Par François Schwerer.
Une institution nationale vient de rappeler aux technocrates de l’Union européenne qu’il n’existe pas de super-État fédéral, et que la BCE ne doit pas être un instrument politique.
Le 5 mai 2020, la Cour constitutionnelle de Karlsruhe a estimé que la Bundesbank devrait, dans les trois mois, cesser d’acheter des emprunts d’États de la zone euro pour le compte de la BCE si cette dernière ne prouvait pas que ces achats étaient justifiés. C’est la première fois de l’Histoire qu’une cour constitutionnelle d’un pays membre de l’UE a jugé que les actions et les décisions d’une institution européenne ont outrepassé les compétences qui lui ont été attribuées en vertu des traités.

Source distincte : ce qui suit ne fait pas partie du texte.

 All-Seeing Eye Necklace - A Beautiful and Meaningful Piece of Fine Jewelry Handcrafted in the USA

La Constitution, garante de l’ordre juridique des pays membres
La cour de Karlsruhe, contrairement à toutes les juridictions françaises qui ont fini par accepter la soumission du droit français au droit européen, estime que c’est la loi fondamentale allemande qui fondamentalement reste la norme juridique souveraine. En France, lorsqu’une décision d’une institution européenne vient heurter le droit fondamental, le Gouvernement s’empresse de plier ce dernier aux « avancées européennes », sans consulter le peuple, mais en réunissant le Parlement en Congrès. En privant ainsi le peuple de sa faculté de s’exprimer, il contribue à discréditer un peu plus chaque fois la vie politique aux yeux des citoyens.

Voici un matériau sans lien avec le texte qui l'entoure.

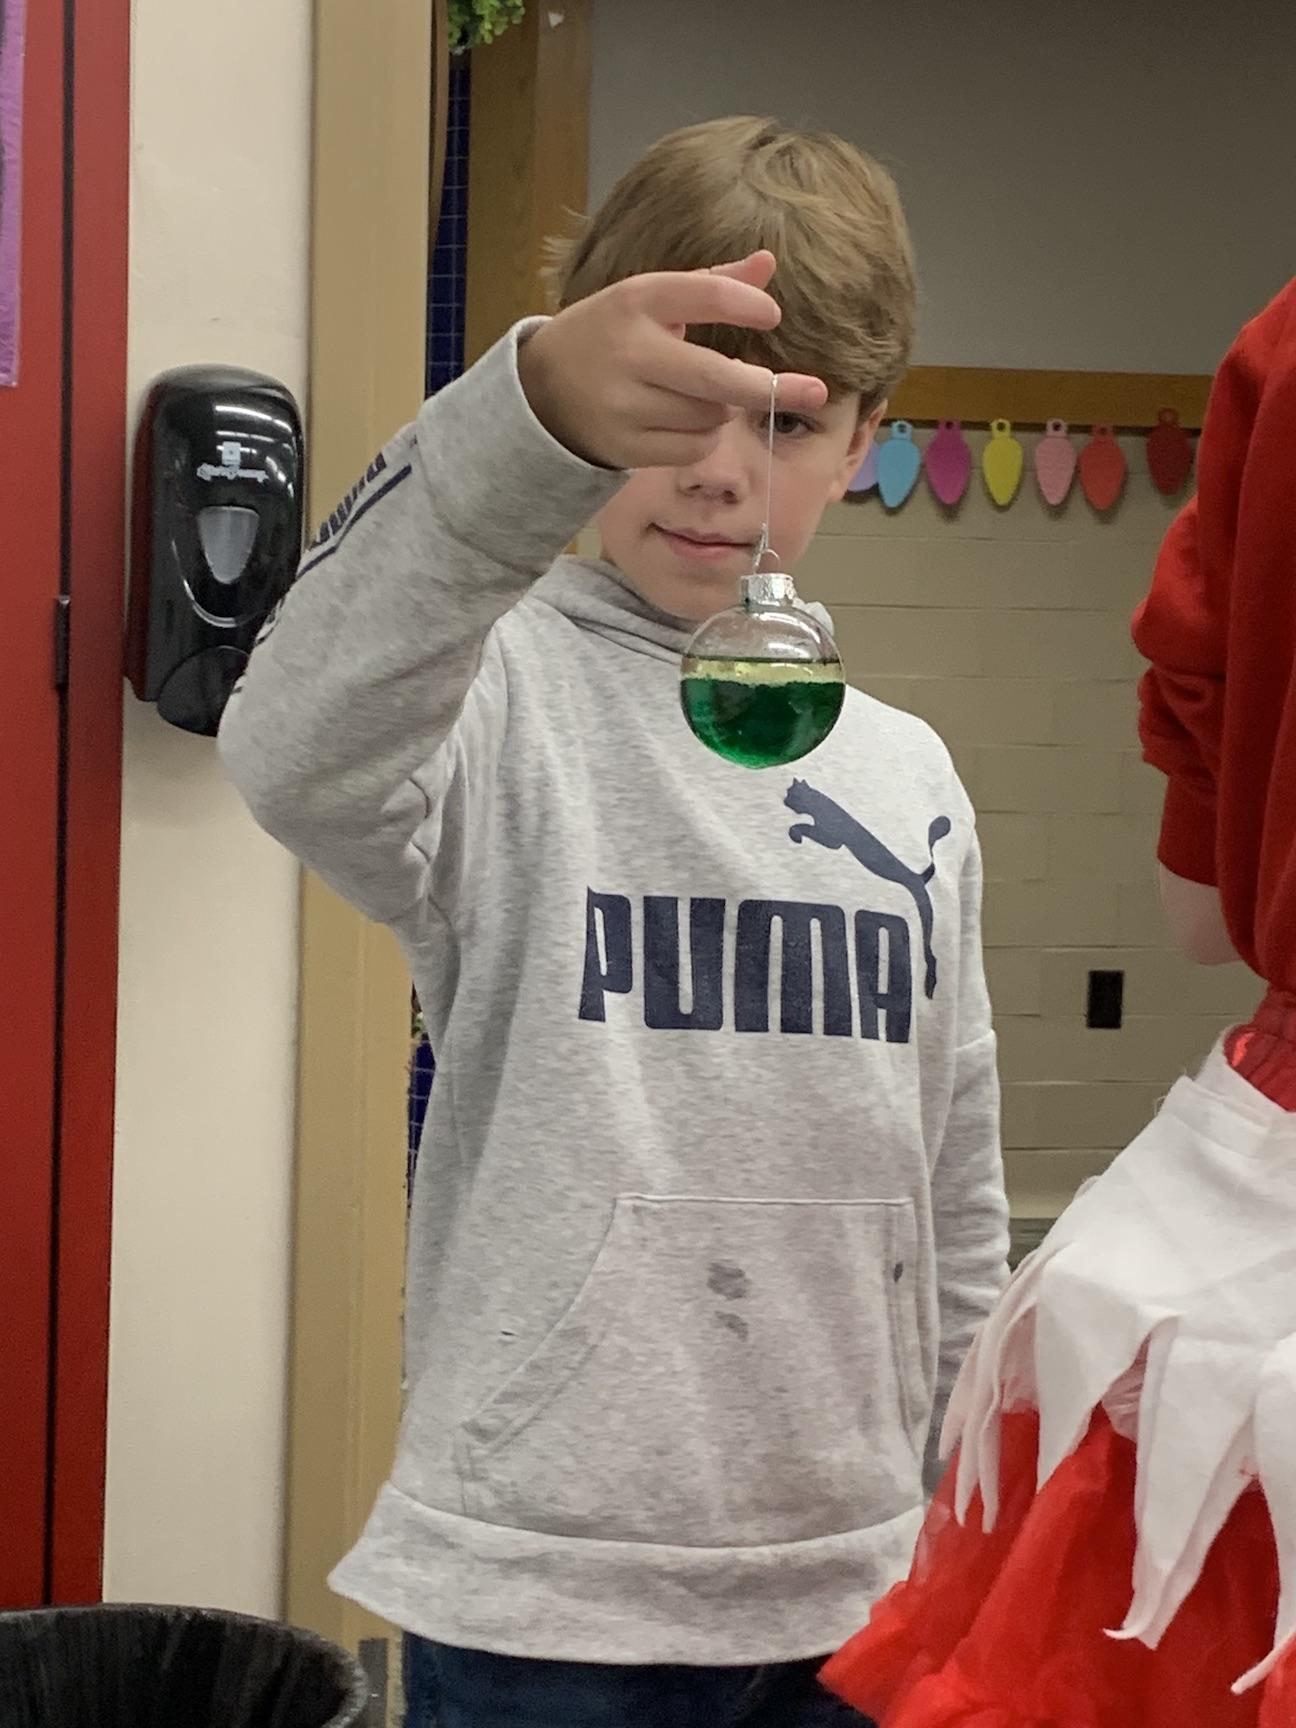 5th-grader Vincent Tomasic watches as his ornament bubbles

En se prononçant ainsi dans une affaire monétaire, budgétaire et financière, la Cour de Karlsruhe remet à l’endroit la hiérarchie des textes et des normes. La politique ne se limite pas à la mise en œuvre de mesures économiques de court terme ; la politique « ne se fait pas à la corbeille » ! Pas plus qu’elle ne dicte la politique, l’économie ne doit pas fonder le droit ; elle doit le respecter. Elle doit le respecter d’autant plus qu’il est l’expression de la souveraineté populaire. Le pouvoir politique allemand n’a accepté l’indépendance de la Banque centrale européenne que parce que l’euro sert les intérêts économiques allemands. Si l’euro devait conduire à adopter des mesures qui ne serviraient pas les intérêts allemands, alors le pouvoir politique aurait l’obligation de les combattre. La Cour met donc les intérêts nationaux au-dessus des intérêts européens, ce qui est normal puisqu’il n’existe pas de peuple européen.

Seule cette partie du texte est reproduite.